Alguns membros do grupo — há publicações feitas a partir de todo o país e até de Angola — têm ainda por hábito fotografar mulheres desconhecidas na rua, de costas ou não, partilhando depois o local onde se cruzaram com elas ou onde podem ser habitualmente encontradas. O Observador teve acesso a imagens de mulheres em centros de saúde, restaurantes, discotecas, centros comerciais e na rua. E até de duas militares da GNR fotografadas num balcão da Caixa Geral de Depósitos, com a seguinte legenda: “Marchavam a cima da lei [sic]“.

Alguns dos mais de 44.500 membros do grupo podem nem saber sequer que fazem parte dele (embora seja pouco provável, uma vez que receberão notificações de cada vez que alguém lá publica um post), ou não ter conhecimento de quem os adicionou.

Ao Observador, a mulher de um membro do IMASOLDIER, que ficou a saber da existência do grupo há cerca de uma semana, depois de descobrir as palavras-passe das redes sociais do marido, disse que já existiu pelo menos uma página de boicote ao grupo, que entretanto terá sido denunciada e fechada:

Há três dias, quando vi o vídeo da rapariga no autocarro decidi que tinha de fazer alguma coisa. Foi o mais grave que vi no grupo, e duas horas depois estava apagado. Quero que o grupo acabe e que as vítimas saibam o que andaram a fazer com elas. Já consegui identificar uma, uma rapariga que aparece num vídeo de sexo. Falei com ela, contei-lhe o que estava a acontecer. Ela sabia que o vídeo existia, já é antigo, mas não fazia ideia de que estava a circular outra vez. Diz que não quer fazer queixa.”

Outra mulher, que diz ter tomado conhecimento do grupo secreto numa página feminista, contou ao Observador que há elementos a copiar as publicações que lá são feitas para denunciar o caso na polícia e que ainda só não o fizeram por medo. “Ontem uma rapariga fez um post viral sobre o vídeo do abuso no autocarro e publicou as caras dos rapazes que fizeram aquilo. Em 20 minutos, teve milhares de partilhas. E muitas, muitas ameaças, acabou por apagar a publicação. Temos medo. Uma amiga minha tem um amigo na polícia, ele já lhe disse que, para acontecer alguma coisa, ou alguém envolvido faz queixa ou isto se torna viral.”
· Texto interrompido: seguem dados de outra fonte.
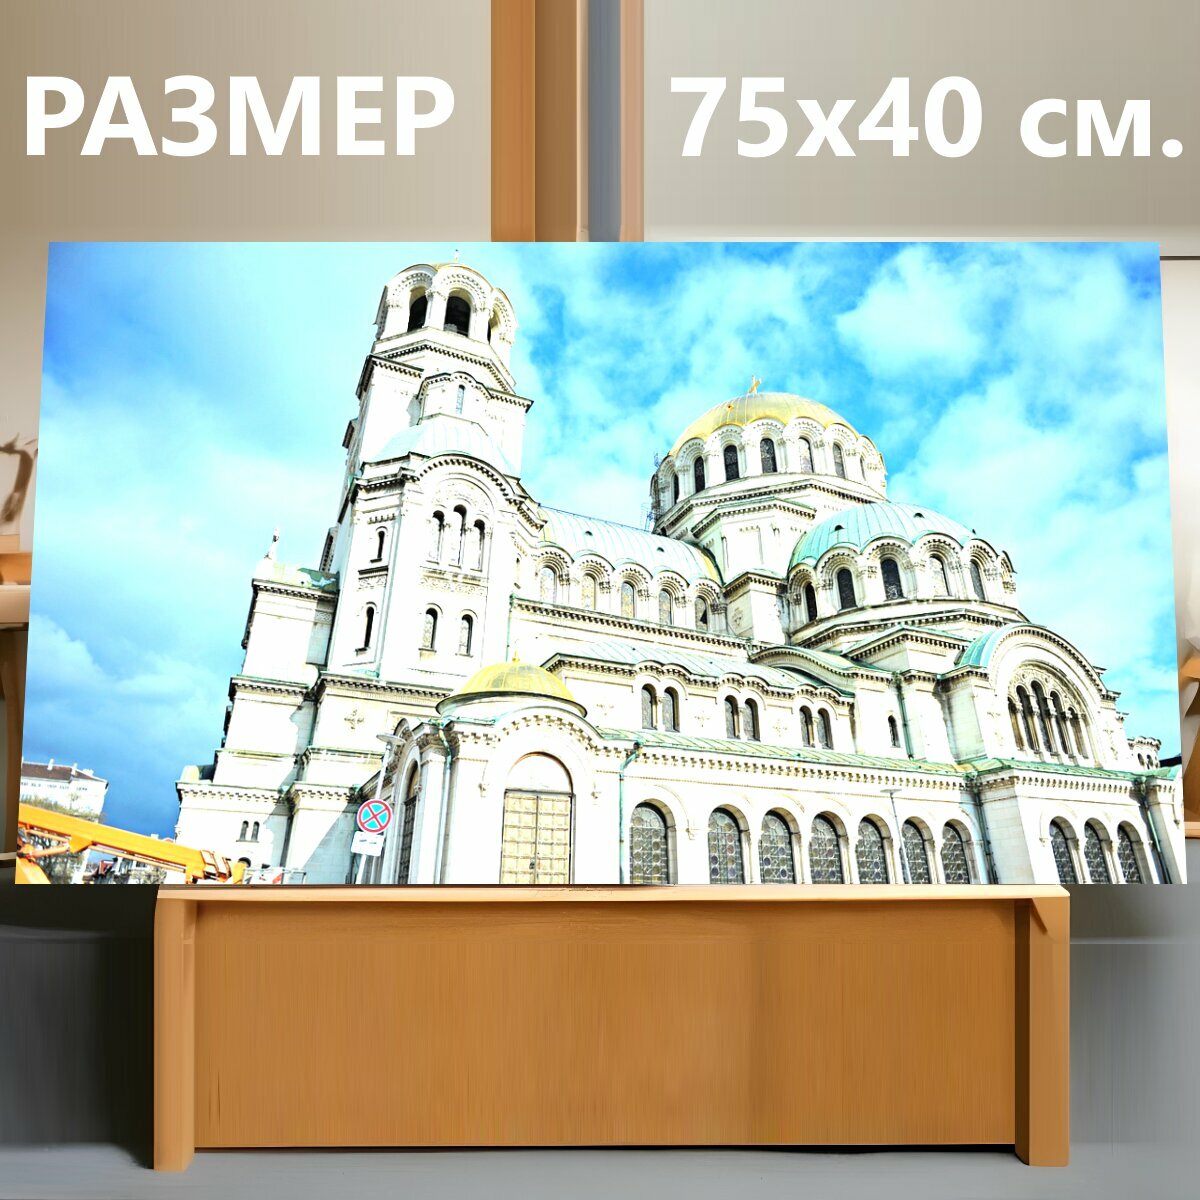 Картина на холсте "Собор александра невского, церковь, архитектуры" на подрамнике 75х40 см. для интерьера

Apesar de a rapariga alegadamente abusada após uma noite de Queima das Fitas não ter querido (pelo menos para já) apresentar queixa, o caso já se tornou conhecido em todo o país. Divulgado, depois de apagado do IMASOLDIER, no site Azeitugal, acabou por chegar ao Correio da Manhã, que também o publicou. O cuidado que o jornal teve a desfocar as caras de vítima e agressores não o isentou de receber duas queixas, uma da Entidade Reguladora para a Comunicação Social, outra da Comissão para a Cidadania e Igualdade de Género, por dar eco ao abuso.